Caren Grown's picture
Florina Lopez spoke movingly about her experience of double discrimination, being both Indigenous and a woman, at the recent launch of the new World Bank Group report, Indigenous Latin America in the Twenty-First Century. Lopez belongs to the Panamanian Indigenous Guna people and has spent decades working for Indigenous movements, starting at the community level and now coordinating the regional Network of Indigenous Women's Biodiversity.

She is one of many Indigenous women in Latin America who have dedicated their lives to creating more inclusive societies. While it is important to acknowledge that not all Indigenous groups and not all women have the same experiences, the concept of intersecting identities helps explain the concept of  "additive" or "multiplied disadvantage" (or advantage). Individuals are part of multiple social structures and roles simultaneously, and these structures interact and influence experiences, relations, and outcomes. 

The intersection of gender and ethnicity, for example, can deepen the gaps in some development outcomes. Indigenous Latin America in the Twenty-first Century explains that, while Indigenous Peoples' access to services has improved significantly, services are generally not culturally adapted—so the groups they are meant to benefit do not take full advantage of them. In Bolivia, where more than 40 percent of people identify themselves as Indigenous or Afro-descendants, according to the 2012 Population and Housing Census, indigenous women face a higher risk of being excluded. Further, according to a 2014 Perception Survey on Women’s Exclusion and Discrimination, all women feel discriminated against in different aspects of their lives, with Indigenous women particularly affected.
 

How does intersectionality and discrimination play out in education and health?

Access to education in Bolivia has improved considerably in recent years. Today, overall primary schooling completion rates and secondary school enrollment rates are similar for boys and girls. Yet major gender gaps persist among Indigenous and rural students.

In urban Bolivia, females are less likely to finish secondary school than males.  In urban areas, an Indigenous female student is about half as likely to finish secondary school compared to a non-Indigenous male student. But an Indigenous rural woman is five times less likely than a non-Indigenous urban man to complete secondary school (see graph, based on Census 2012):
 


Many factors prevent girls from attaining higher levels of schooling in Bolivia, including domestic care work, early pregnancy, and the need for income.  But girls who persist in secondary and higher education face other barriers:  one in five female students aged 15 to 24 report having experienced discrimination in academic environments: 25 percent of Indigenous women versus 18 percent of non-Indigenous women.

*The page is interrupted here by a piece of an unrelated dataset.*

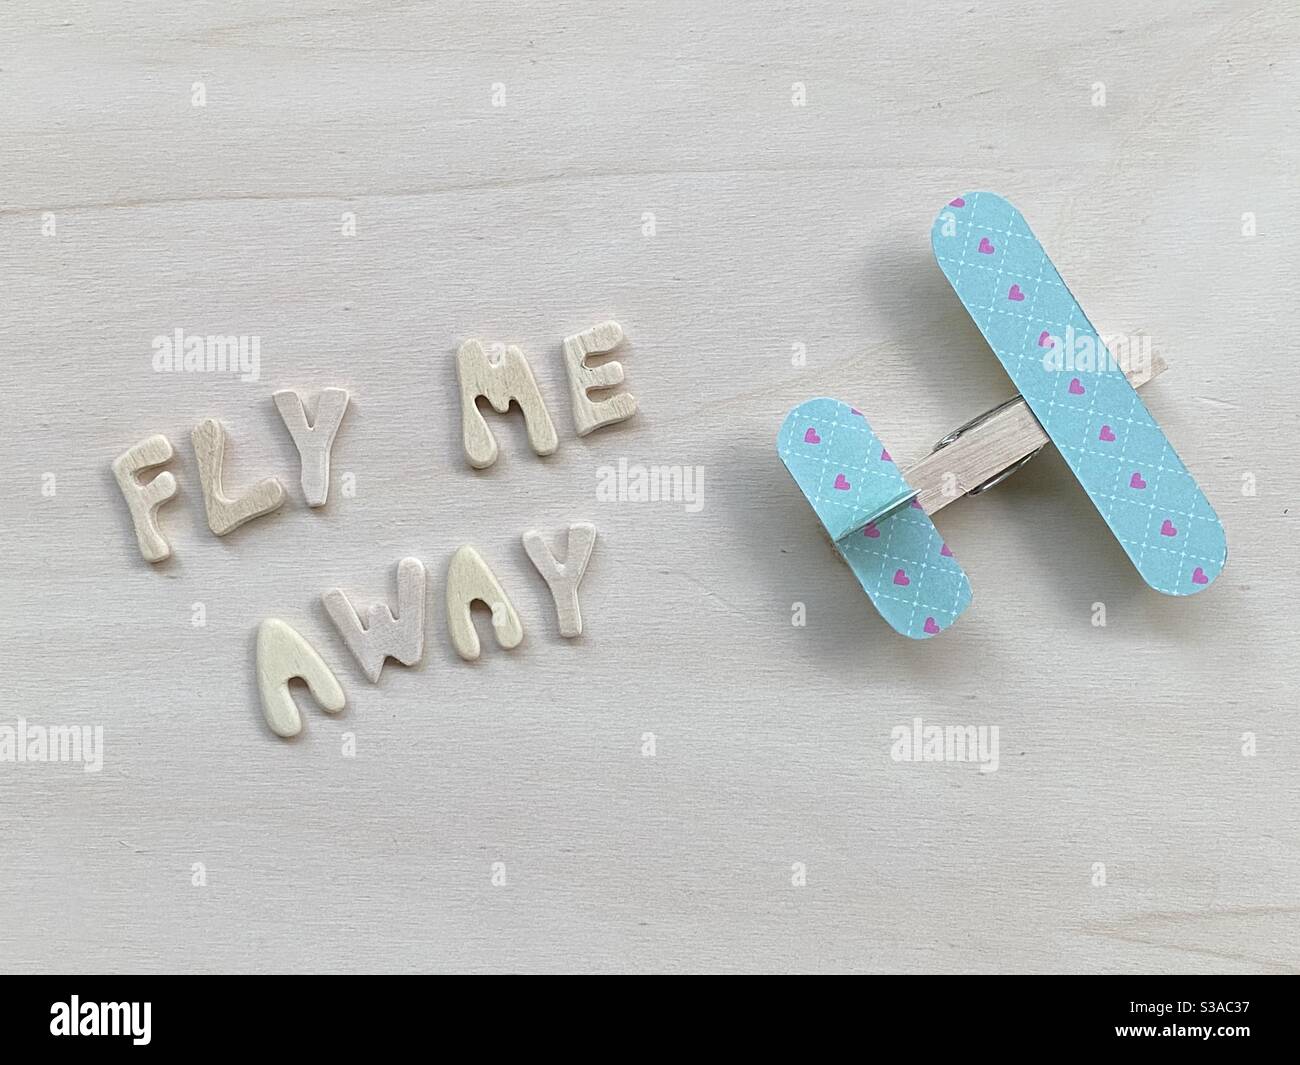 Fly me away, testo creativo composto da lettere in legno e un velivolo in legno clothespin Foto Stock

The situation is similar in terms of access to key health services.  According to household survey data (2013), while almost all non-Indigenous women in urban Bolivia give birth with either a nurse or a doctor present, that is the case for only 6 out of 10 Indigenous women in rural Bolivia. While this may be explained in part by Indigenous women’s preferences to use traditional parteras, the difference in access rates may also in part be driven by perceived discrimination. According to the Perception Survey, 20 percent of Indigenous women report having experienced discrimination when seeking care, compared to 14 percent among non-Indigenous.

Investments in education and health shape the ability of men and women to reach their full potential, allowing them to take advantage of economic opportunities and lead productive lives. Limited access to these kinds of investments not only adversely affects an individual’s opportunities, but may have significant costs for entire communities and economies.

Inclusion must be front and center on the development agenda. More and better information—both qualitative and quantitative—is needed to highlight the persistent issue of overlapping disadvantages. This will allow us, ultimately, to do much more to expand every person’s capacity to participate fully and equally and achieve his or her potential. As Florina Lopez said earlier this month, "Without the effective participation of Indigenous women in society, it will be difficult to eradicate the poverty and extreme poverty that we live in."